EPISODE 755 THE KAURI FORESTS OF NEW ZEALAND…ALMOST ALL GONE NOW….1,000 YEAR OLD TREES.
alan skeoch
March 1, 2023

Even veteran loggers had never seen trees like the Kauri trees of New Zealand. Ancient…some had been growing for
a thousand years and were so huge that it took 6 men with special extended cross cut saws to cut them down. The trees
were sacred to the Maori people who made canoes from Kauri trees. Europeans marvelled at the clean grain of these behemoths
from which they built their houses and cities.
Today there are only 500 Kauri trees surviving in protected reserves. And they are all threatened by an insidious monster.
It is not human beings that threaten those few surviving trees. The incurable and fatal ‘kauri dieback disease’ has been detected as a
slow killer of the giants. No cure yet. In an attempt to give scientists time to find a cure, human beings are no longer allowed to
visit the protected forest. “We can but hope that good will be the final goal of ill”, as Tennyson wrote and I quote lest you have forgotten.
Oh, yet we trust that somehow good
Will be the final end of ill,
To pangs of nature, sins of will,
Defects of doubt, and taints of blood;
That nothing walks with aimless feet;
That not one life shall be destroy’d,
Or cast as rubbish to the void,
When God hath made the pile complete;
That not a worm is cloven in vain;
That not a moth with vain desire
Is shrivell’d in a fruitless fire,
Or but subserves another’s gain.
Behold, we know not anything;
I can but trust that good shall fall
At last—far off—at last, to all,
And every winter change to spring.
So runs my dream: but what am I?
An infant crying in the night:
An infant crying for the light:
And with no language but a cry.
(TENNYSON)
On our visit to New Zealand we made a short visit to the the outskirt forest. (I think beckon 1980’s) Taken there by distant relatives….very distant.
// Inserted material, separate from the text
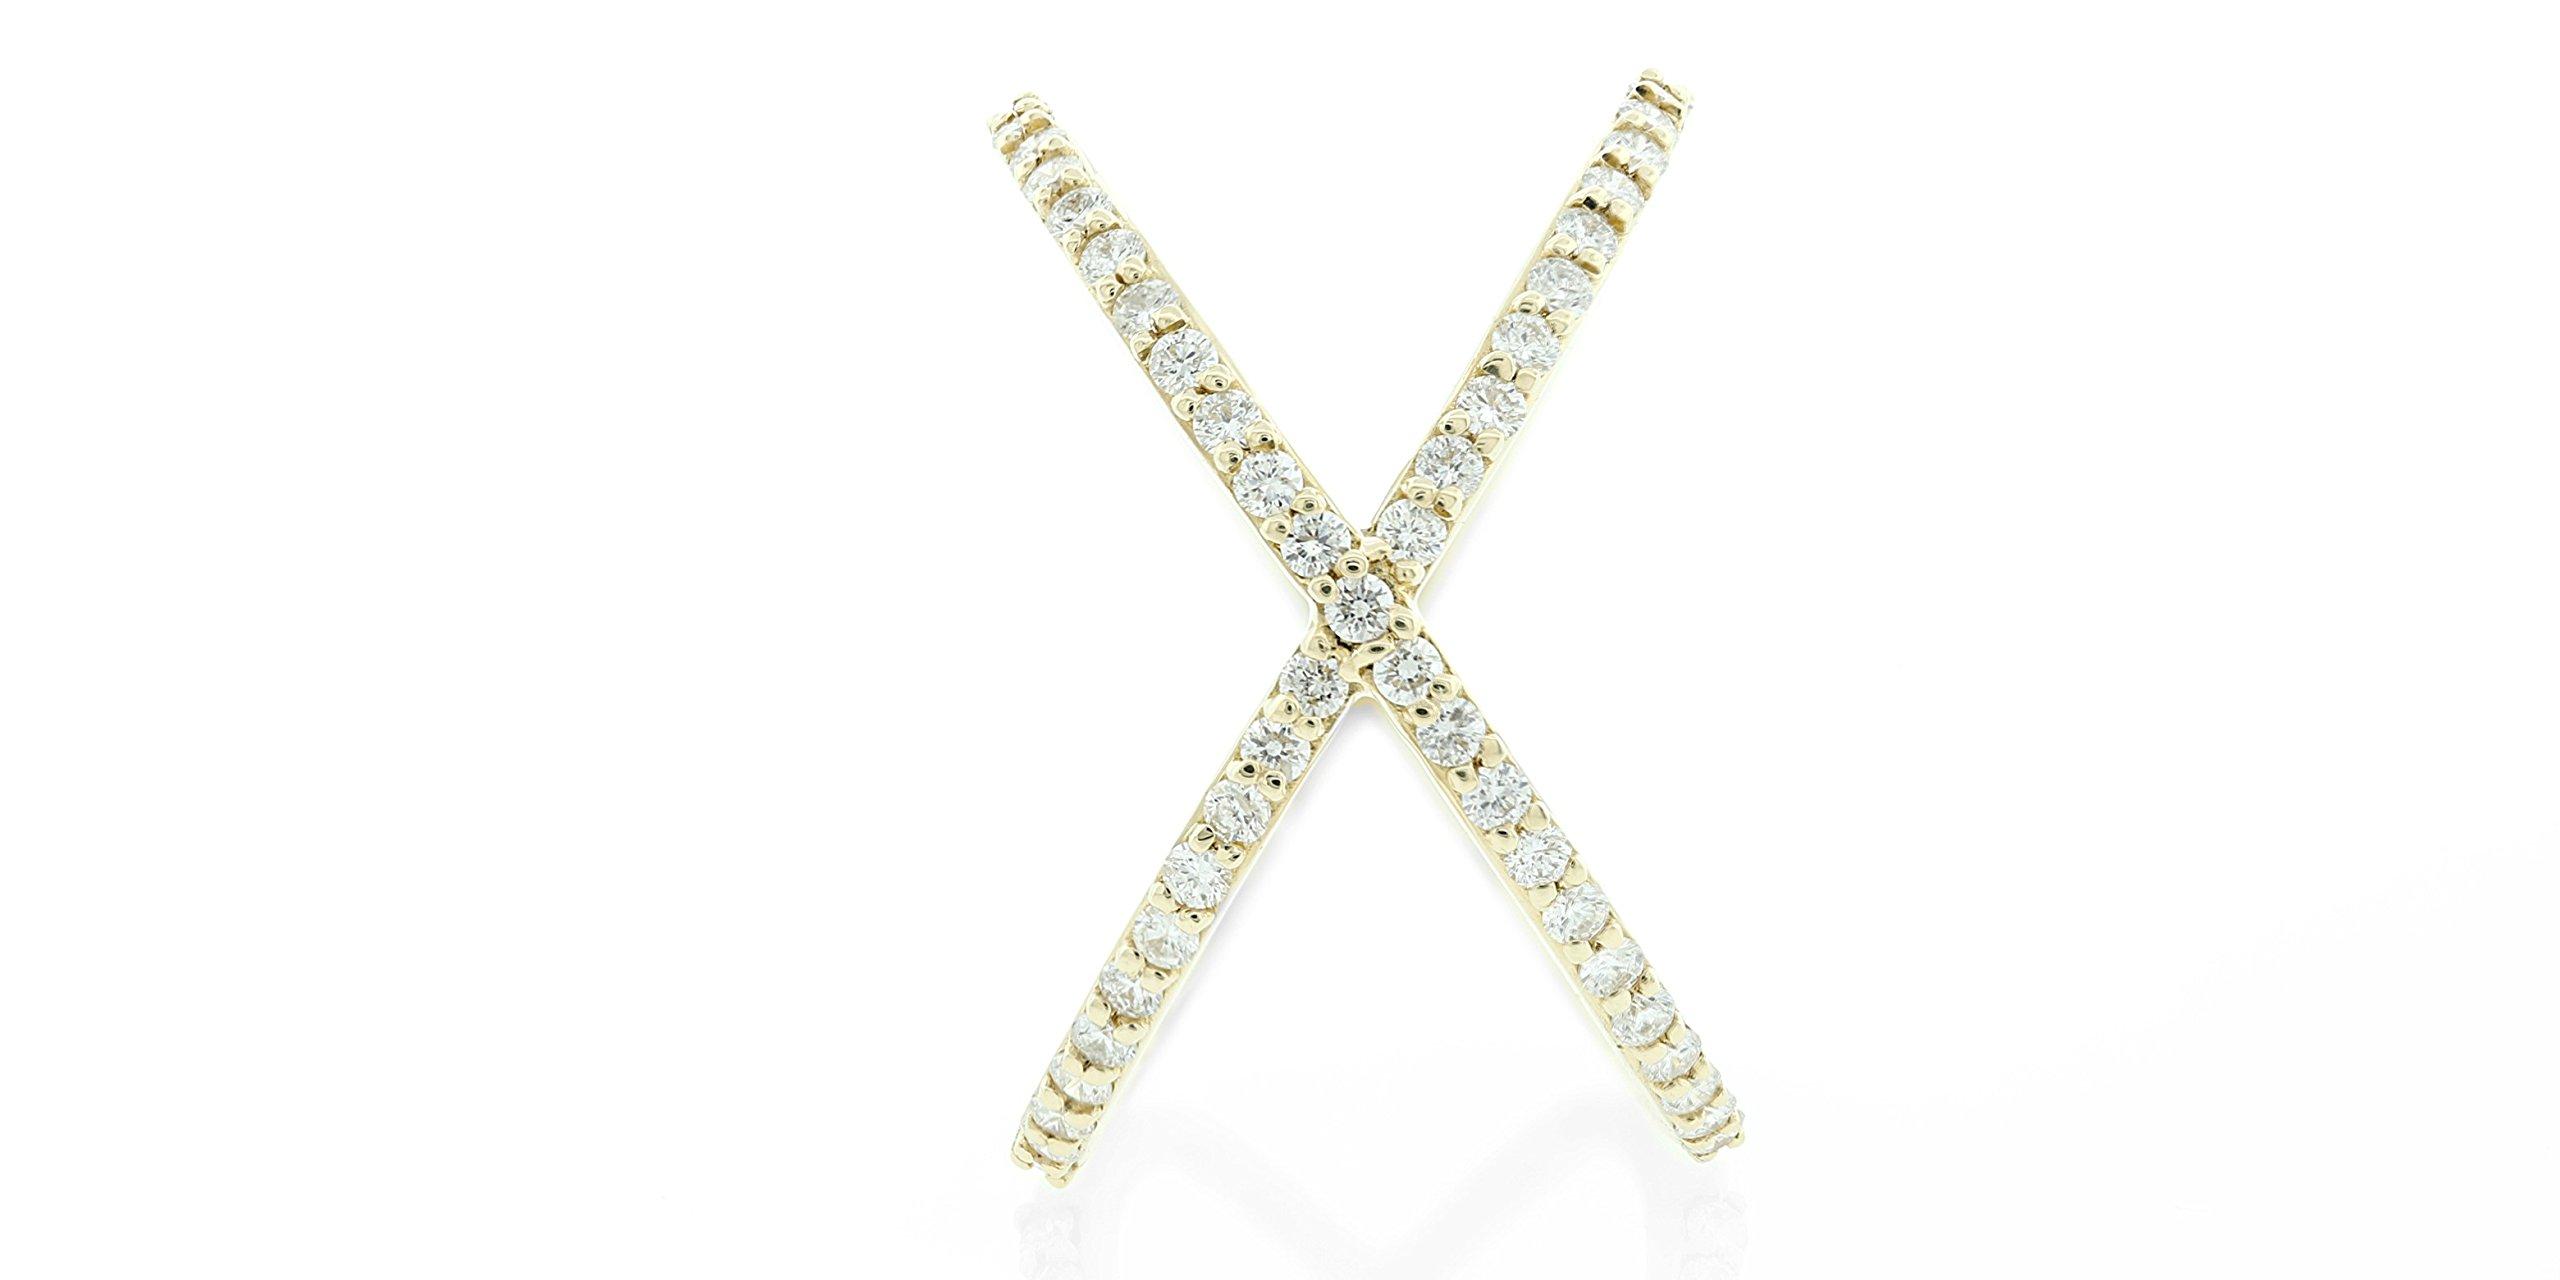 London Fine Jewelry Round Diamond Criss-Cross Orbit Ring in 14k Yellow Gold

The Freemans
and he Edwards families. Sadly We have lost contact with them due to the distractions of daily life. The only link that remains is this picture
and my middle name which is Edwards. They lived (or lived ) in Whangarei, North Island. relatives on my mothers side of the
family who migrated from Kington, Herefordshire at some time in the mid 19th century.
Mr. Edwards gave me a tiny block of a Kauri tree about the size of a small box of matches. It’s still around here ..somewhere.”
read on…the pictures will take your breath away. Perhaps make you cry.
alan

MY FAILURE: These are distant relatives of the Freemans and Edwards families. English on my mothers side of the family. They live or lived in Whangarie, North Island, Nw Zeldand.
The city with a hundred beaches. We visited then in mid 1980’s but lost contact. Like all Kiwis we met they were great hosts
and I regret we lost contact. It was this family that took us to the edge of a Kauri forest. My middle name is Edward which I Think is
a connection to the Edwards of New Zealand. But not sure.
Our Maori connection was much closer and so remembered more. Cousin Roy Skeoch did so much to be remembered as all family reading this Episode know so well.
His grave in Rotarura is so memorable. Perhaps Roberta Skeoch has a picture of her dad’s grave that I can share…so ornate.
Both our European and Maori relatives must lament the fate of the magnificent Kauri forests. Perhaps the next episode will feature the survivors.